Follow-up information with regard to the endpoints was obtained after 23 months (interquartile range, 20 to 24). Information was obtained for all 584 patients from the National Person Identification Registry, hospital sources, and data from the highly validated Danish National Board of Health's National Patient Registry (10). The study was approved by the local scientific ethical committee and The Danish Data Protection Agency and complied with the second revision of the Declaration of Helsinki.
Blood samples were drawn from the femoral sheath before the pPCI procedure (baseline values). Serum was centrifuged within 30 min and plasma stored at −80°C for subsequent analysis.

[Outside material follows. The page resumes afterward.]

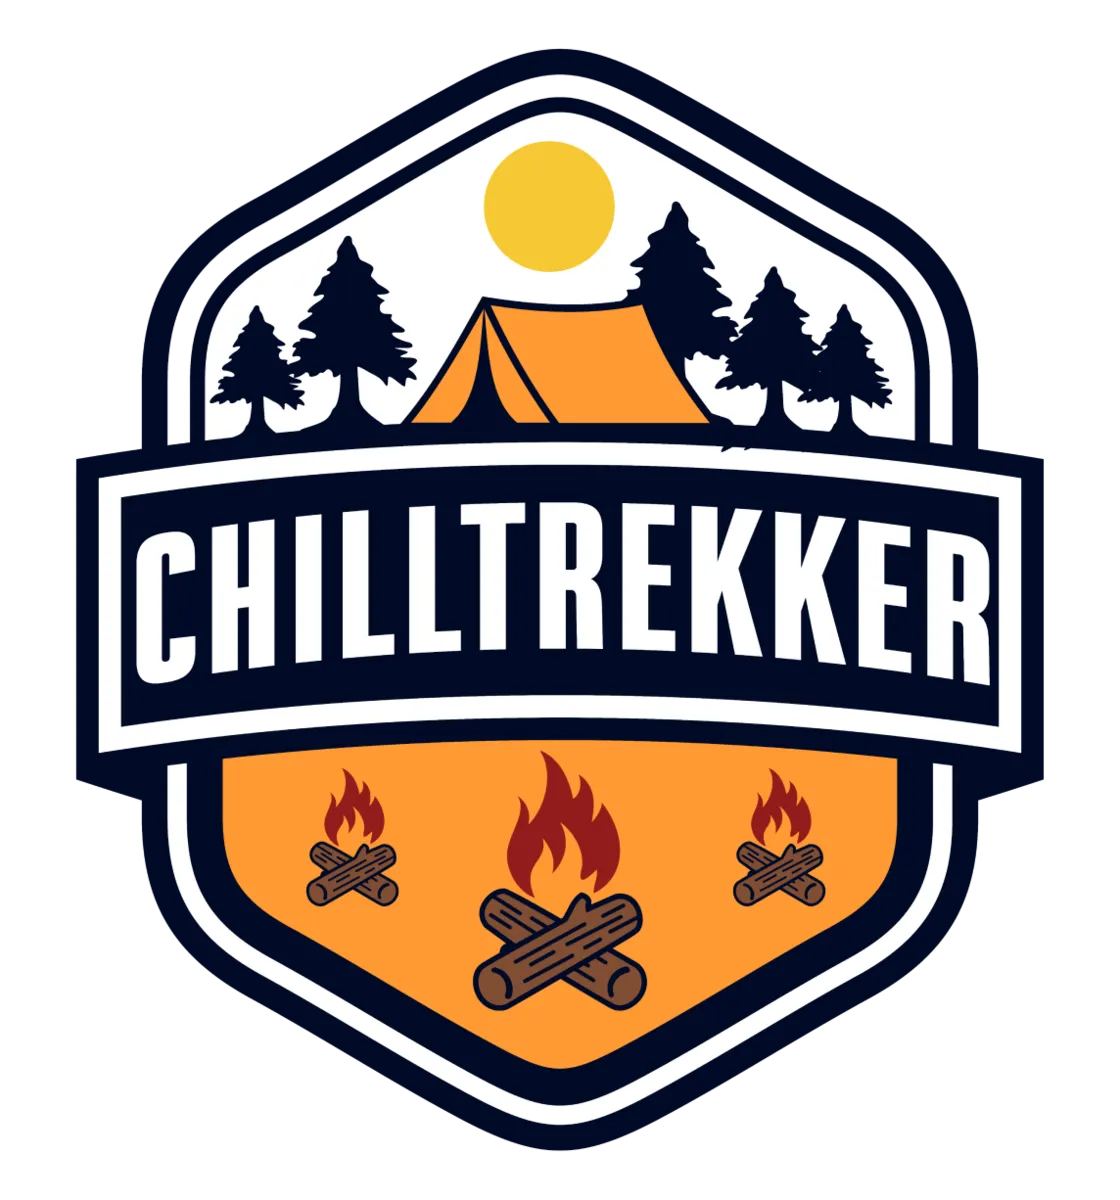 ChillTrekker

Plasma NGAL was determined using an in-house time-resolved immunofluorometric assay based on NGAL antibodies and recombinant NGAL from R&D Systems (Abingdon, United Kingdom) (11). Samples and controls were diluted 1:100 and analyzed in duplicate. Intra-assay coefficients of variation of standards, controls, unknown samples, and nonspecific background controls averaged <5%. Interassay coefficients of variation averaged <9% based on standards, nonspecific background controls, internal controls, and repeated samples. Plasma NGAL concentrations were determined using a 5-parameter standard curve fit implemented in the WorkOut 2.5 Data Analysis software (Perkin Elmer Inc., Waltham, Massachusetts). Mean values were calculated and used for statistical analyses.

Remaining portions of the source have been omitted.